Recently, CLIC partners, Drs. Jeremy Schraw and Philip Lupo, studied the relationship between missing teeth from birth (congenital tooth agenesis) and risk of cancer diagnosis before 40 years old (early-onset cancer) in Denmark.

The investigators hypothesized that abnormal tooth formation could be caused by genetic changes that might also increase the risk for cancer during childhood, adolescence, and young adulthood.

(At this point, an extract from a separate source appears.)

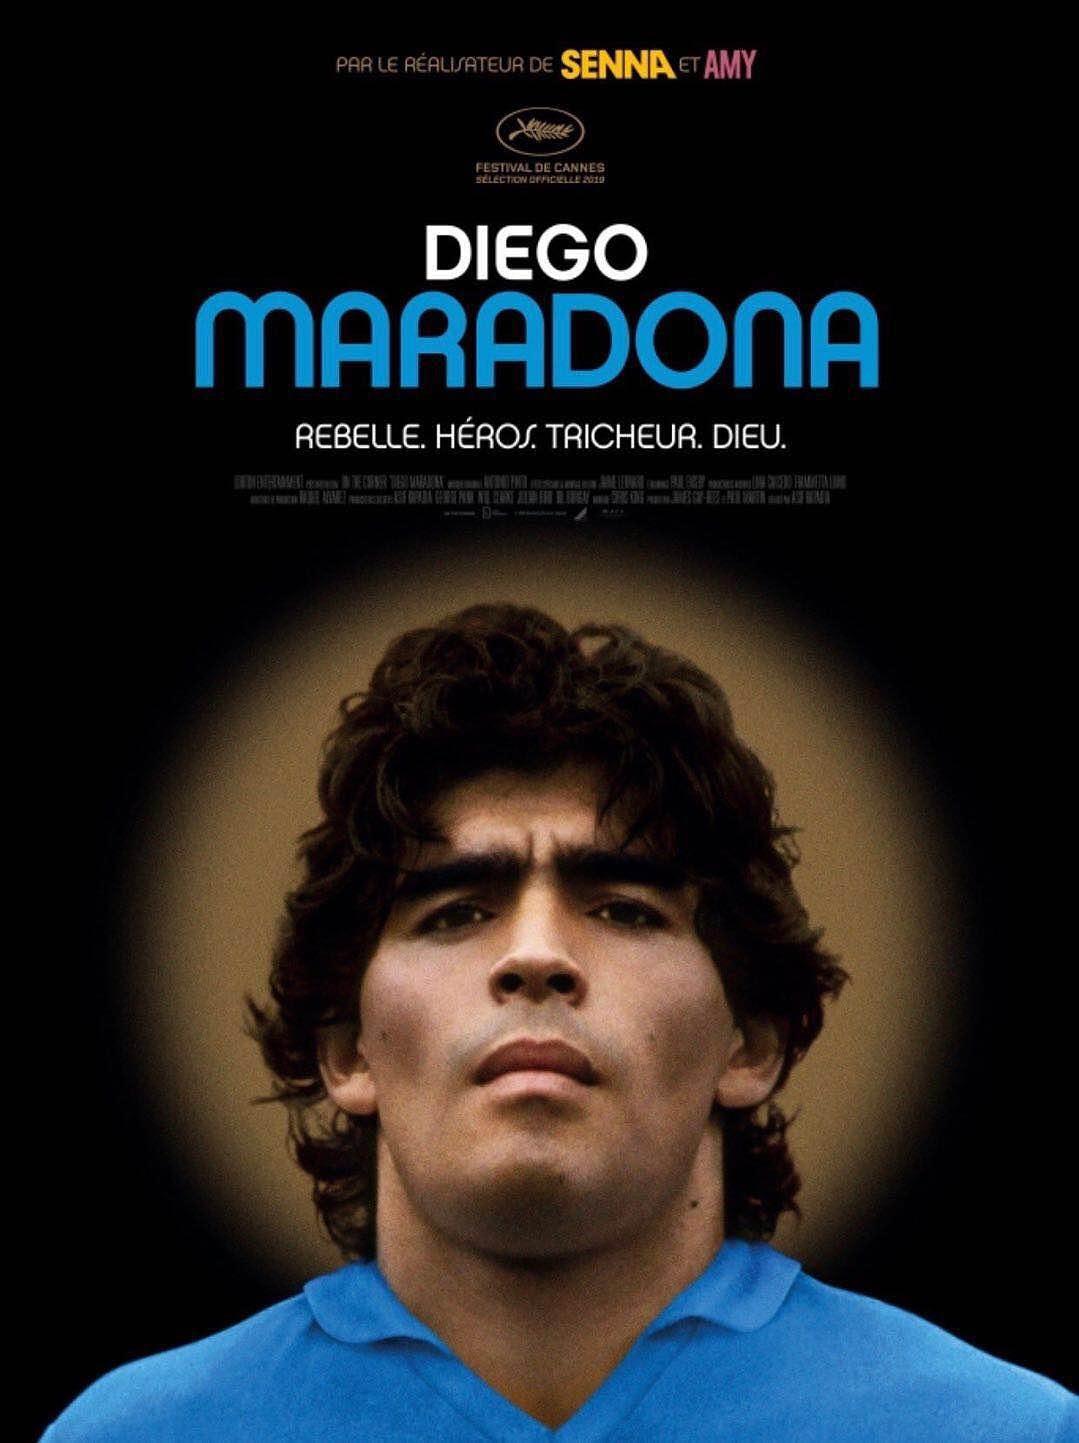  Diego.Maradona.2019.SUBBED.1080p.BluRay.REMUX.AVC.DTS-HD.MA.5.1-FGT 24.87GB-1.png

They wanted to determine whether people with tooth agenesis were more likely to be diagnosed with cancer during this period.

Denmark has very good public health registries that allow researchers to perform quality population-based cohort studies on rare diseases. Using data from the Danish Medical Birth Register, the Danish Civil Registration Register, Danish National Patient Registry, the Danish Central Registry of Odontology, the Danish Cancer Registry, and the Danish Cytogenetic Central Register, the team of researchers found 70,288 (2.8%) people born between 1977-2018 had a diagnosis of tooth agenesis and 26,308 (1.1%) had a diagnosis of early-onset cancer. 778 individuals had co-occurrence of tooth agenesis and cancer. 

Statistical analysis showed that tooth agenesis was associated with many different types of cancer – acute myeloid leukemia, neuroblastoma, nephroblastoma, hepatoblastoma, and rhabdomyosarcoma – in children under 10. In adolescents and young adults (age 10-20 years), tooth agenesis was associated with higher risk of osteosarcoma. Among adults younger than 40, those with tooth agenesis had higher risk of carcinomas of the appendix, colon, rectum, and urinary bladder. The research team discussed how their findings support a genetic relationship between tooth agenesis and cancer, and obtaining genetic testing of individuals with tooth agenesis may improve cancer surveillance. Further genetic testing of people with tooth agenesis may also help develop future targeted cancer treatments.

This study is a good example of the benefits of comprehensive registries in a health system. We are proud that CLIC investigators are able to harness the power of registry-based studies to examine the factors associated with childhood cancers. Read the full article at the citation below. 

Article Title: Congenital Tooth Agenesis and Risk of Early-Onset Cancer 

Authors: Eiset SE, Schraw J, Sørensen GV, Gregersen PA, Rasmussen SA, Ramlau-Hansen CH, Lupo PJ, Hasle H.

Published In: JAMA Netw Open. 2024 Mar 4;7(3):e240365. doi:10.1001/jamanetworkopen.2024.0365. PMID: 38488796; PMCID: PMC10943407.